Would like to have a code review so I can improve my knowledge and expertise in VBA more specifically with Dictionaries as this is the first time I used one.
For context I have duplicate data and need to consolidate creating a unique list. To achieve this I used a Dictionary concatenating 2 fields to make a unique key. Also I have a function that uses Dictionaries to get a unique key so I can find the number of occurrence for each order number and add a suffix at the end if more than 999 rows used for the same order.
Option Explicit
Sub UniqueListWithSumQty()
Dim wsSource As Worksheet
Dim ws As Worksheet
Dim sh As Worksheet
Dim strCell As String
Dim i As Long, j As Long
Dim LRow As Long
Dim dict As Object
Set ws = ActiveSheet
Set dict = CreateObject("Scripting.Dictionary")
With ws
LRow = FindLastRow(ActiveSheet, 3, 21)
.Range("C17:U" & LRow).Sort key1:=.Range("C17:C" & LRow), order1:=xlAscending, Header:=xlNo
wsSource = .Range("C17:U" & LRow).value
End With
With dict
For i = 1 To UBound(wsSource, 1)
strCell = Join(Array(wsSource(i, 1), wsSource(i, 3)), "|")

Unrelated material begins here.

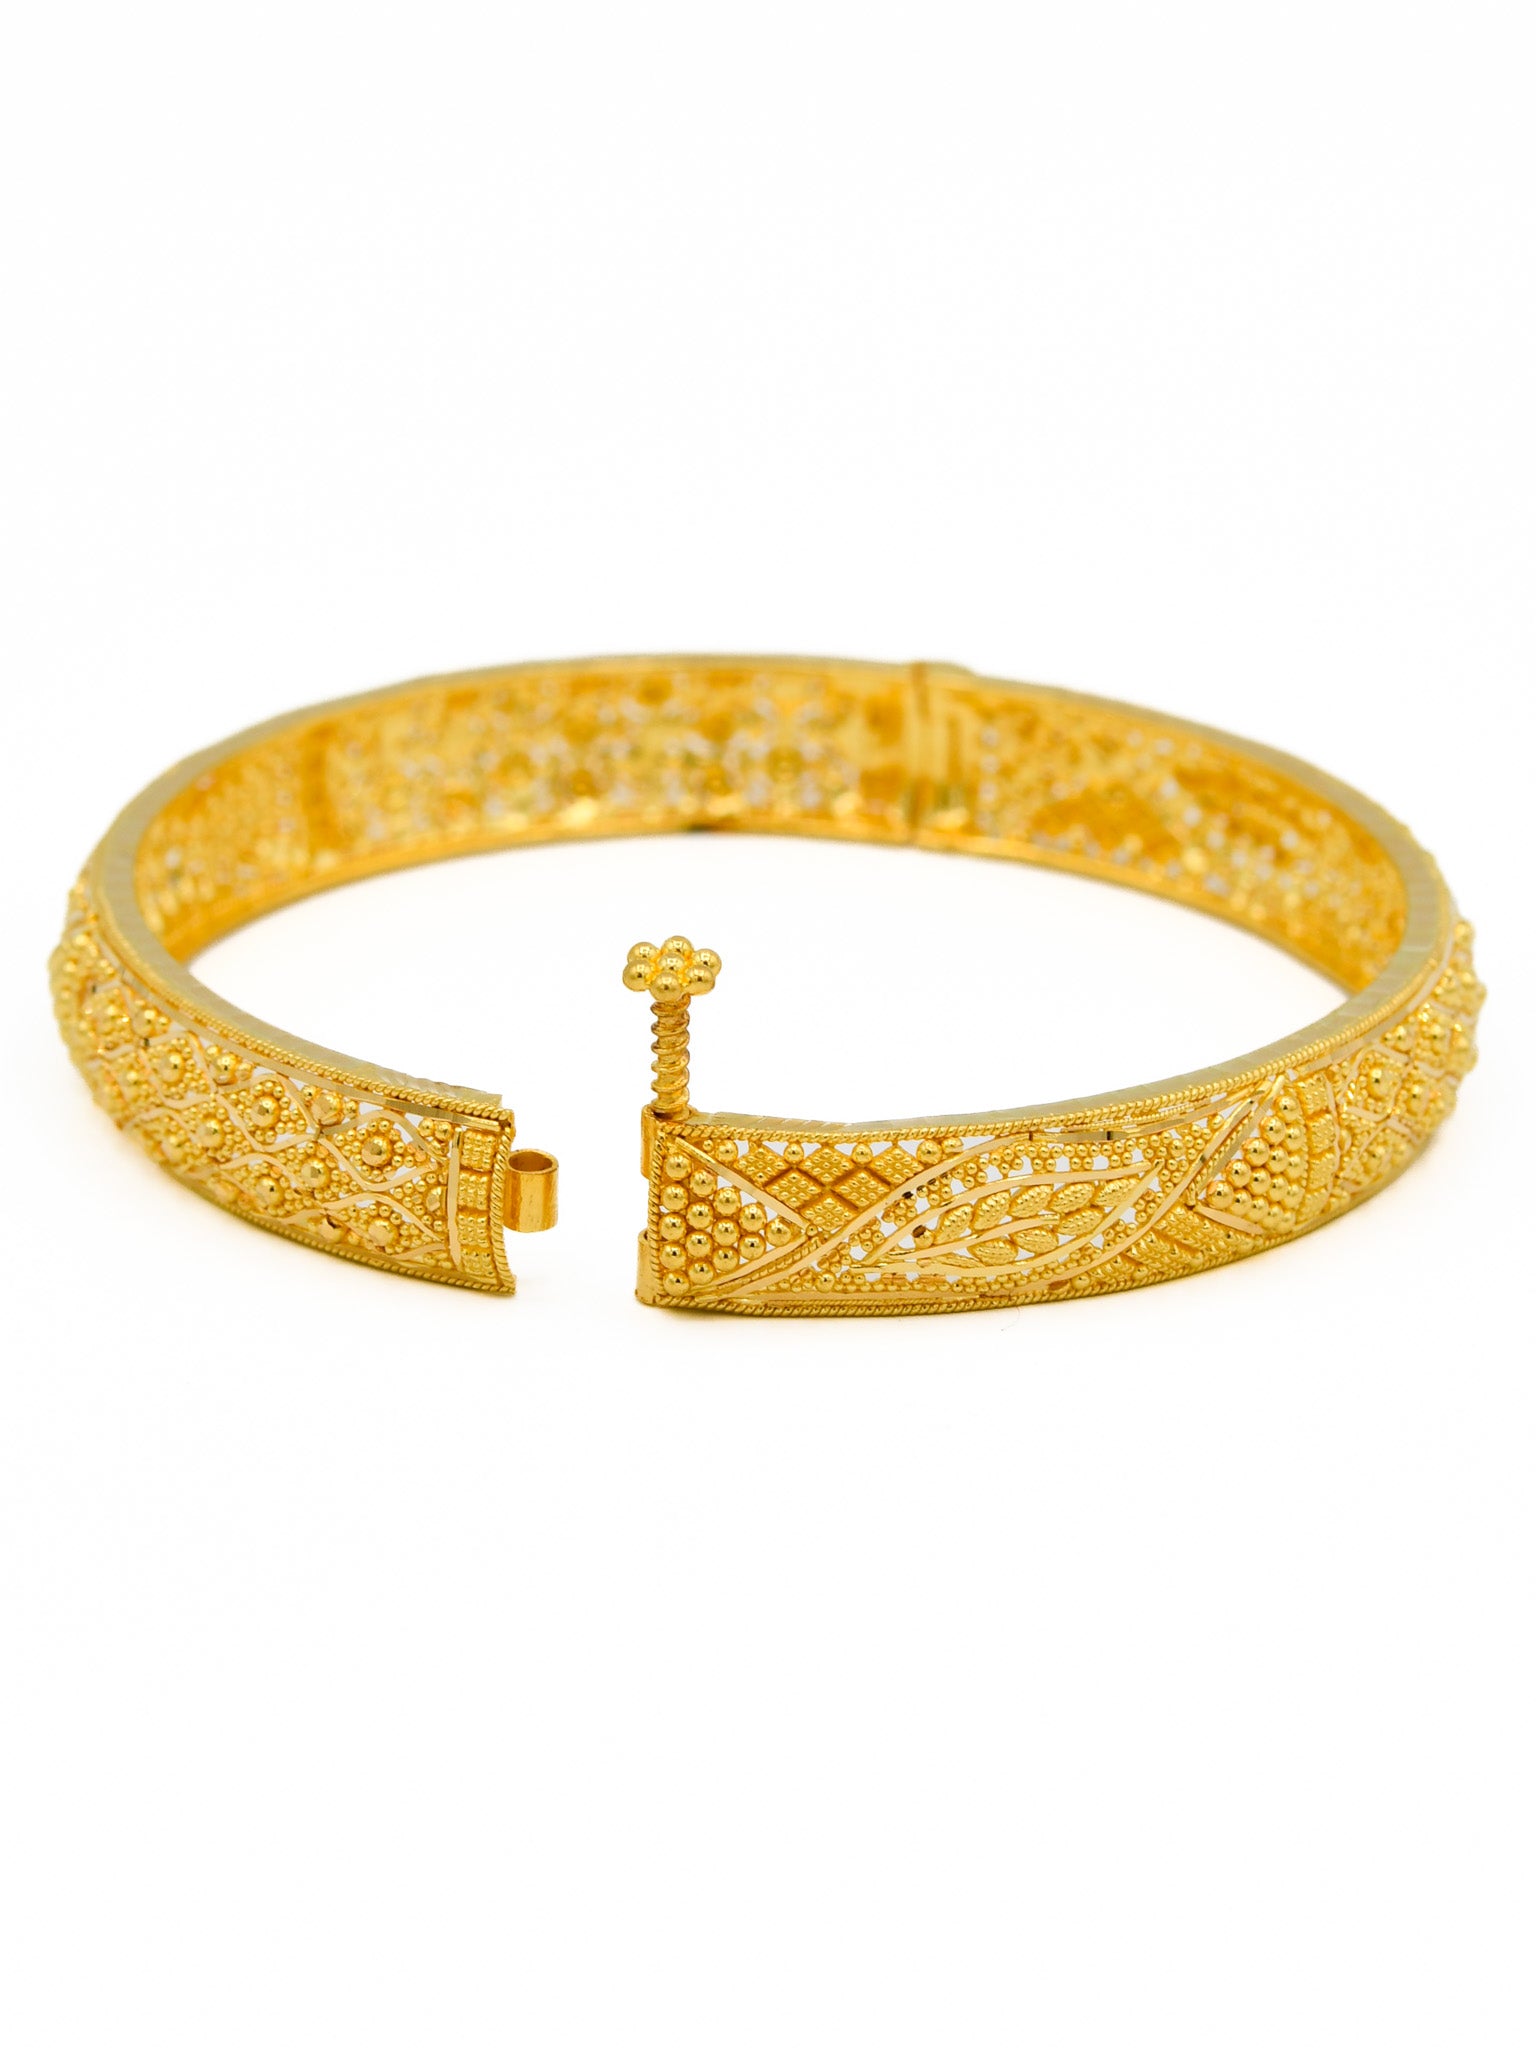 22ct gold plated Bracelet BANGLES Indian set gold d-60mm SCREW OPENING *  EACH ** | eBay

If Not .Exists(strCell) Then
.item(strCell) = .Count + 1
For j = 1 To UBound(wsSource, 2)
wsSource(.Count, j) = wsSource(i, j)
Next j
Else
wsSource(.item(strCell), 4) = wsSource(.item(strCell), 4) + wsSource(i, 4)
End If
Next i
i = .Count
End With
Set sh = ActiveSheet
sh.Range("C17:U" & LRow).Clear
With sh.Range("C17")
.Resize(i, UBound(wsSource, 2)) = wsSource
End With
Call CheckOccurance(Range("C17:C" & LRow), LRow, sh)
End Sub
Private Function CheckOccurance(rng As Range, LRow As Long, ws As Worksheet)
Dim maxOrdNoRow As Double
Dim timesOccured As Double
Dim occur As Double
Dim uniqueList As Object
Dim i As Long
Dim data As Variant
Dim x As Long
Dim key As Variant
Dim lastUsedRow As Long
Set uniqueList = CreateObject("Scripting.Dictionary")
data = rng.value
For i = 1 To UBound(data, 1)
uniqueList(data(i, 1)) = Empty
Next i
For Each key In uniqueList
maxOrdNoRow = Application.WorksheetFunction.CountIf(Range("C17:C" & LRow), "=" & key)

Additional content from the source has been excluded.